My opinion (and I think there has to be a large element of that) is that the presence, and ultimately identification of the orbital period, of exomoons is going to come from very precise transit photometry.
If a sufficiently large moon orbits a planet, then this will leave its signature in the transit light curve. A "Fourier-type analysis" of the light curve might then reveal a periodic nature to the light curve shape during transit that could be attributed to the orbit of the moon. The requirements here would be a sufficiently large moon that its relative position alters the transit shape. The exoplanet also needs to be in a short period orbit so that you can observe lots of transits.
A related (and better) technique, that in practice would be used simultaneously, would be to look for the signature of a moon using changes in the duration and timing of transits that recur in a periodic way. The exoplanet-exomoon barycentre is what follows a Keplerian orbit; but the area-weighted "centre of opacity" of the system will, in general, not coincide with this barycentre because mass is proportional to $r^3$, while obscuring area is proportional to $r^2$. This will lead to a wobbling of both the time of transit
and the transit duration that may again yield a periodic signal which could be identified with the exomoon period. These methods are discussed extensively by Kipping 2009, who point out that the transit timing and transit duration signatures have different dependencies on the exomoon mass and separation from the exoplanet and thus a careful measurement of both could yield the exomoon mass. i.e. Each method in its own has a degeneracy which means the exomoon mass/period could not be determined, but measured together, the degeneracy is broken.
There is a trade-off here. A wide exoplanet-exomoon separation will give bigger signatures, but of course by Kepler's third law, the orbital period will be longer and so you would likely need a longer dataset of transits to identify any periodicity and pin down the amplitude of these signatures.

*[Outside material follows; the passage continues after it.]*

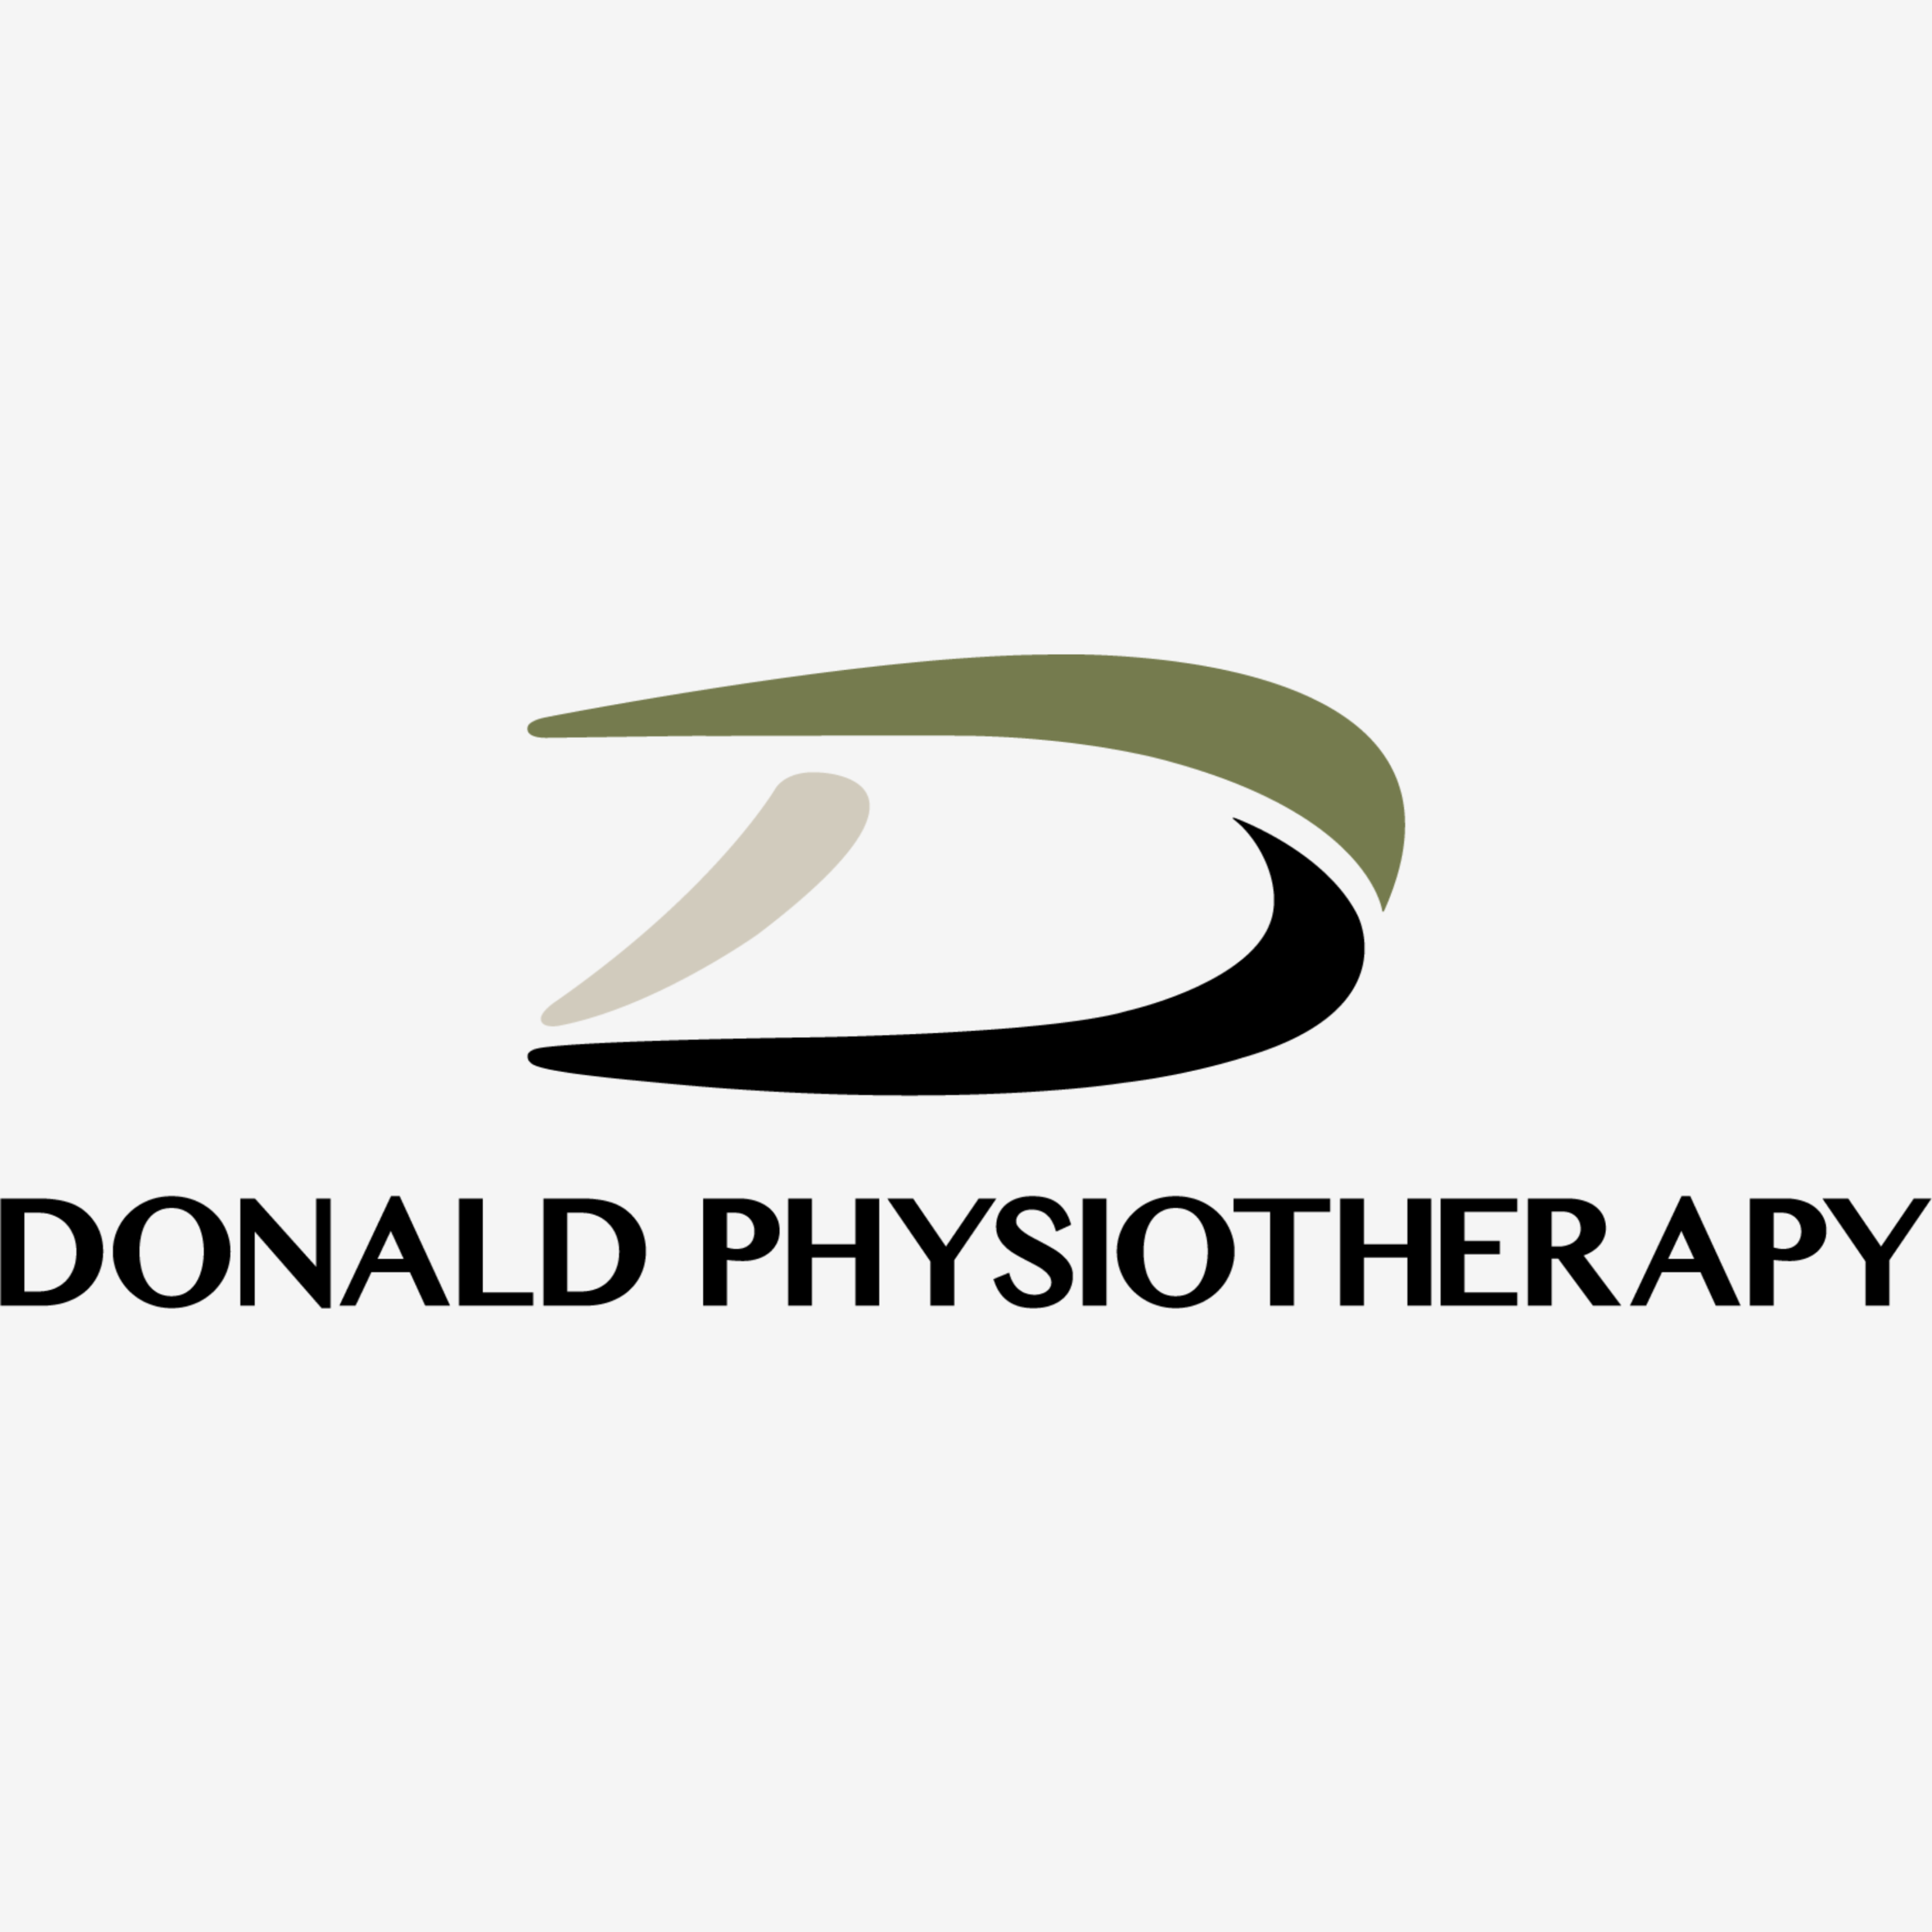 Donald Physiotherapy

At this stage, I don't think there is any likelihood of hearing about an exomoon period/mass in the next few years. Exomoon detection by these methods is though a possibility and may already have occurred (see Teachey & Kipping 2018) . Perhaps the PLATO mission, which will produce better light curves than TESS or Kepler, and have long datasets will stand a better chance (and indeed exomoon detection is one of the mission goals - see Rauer et al. 2014).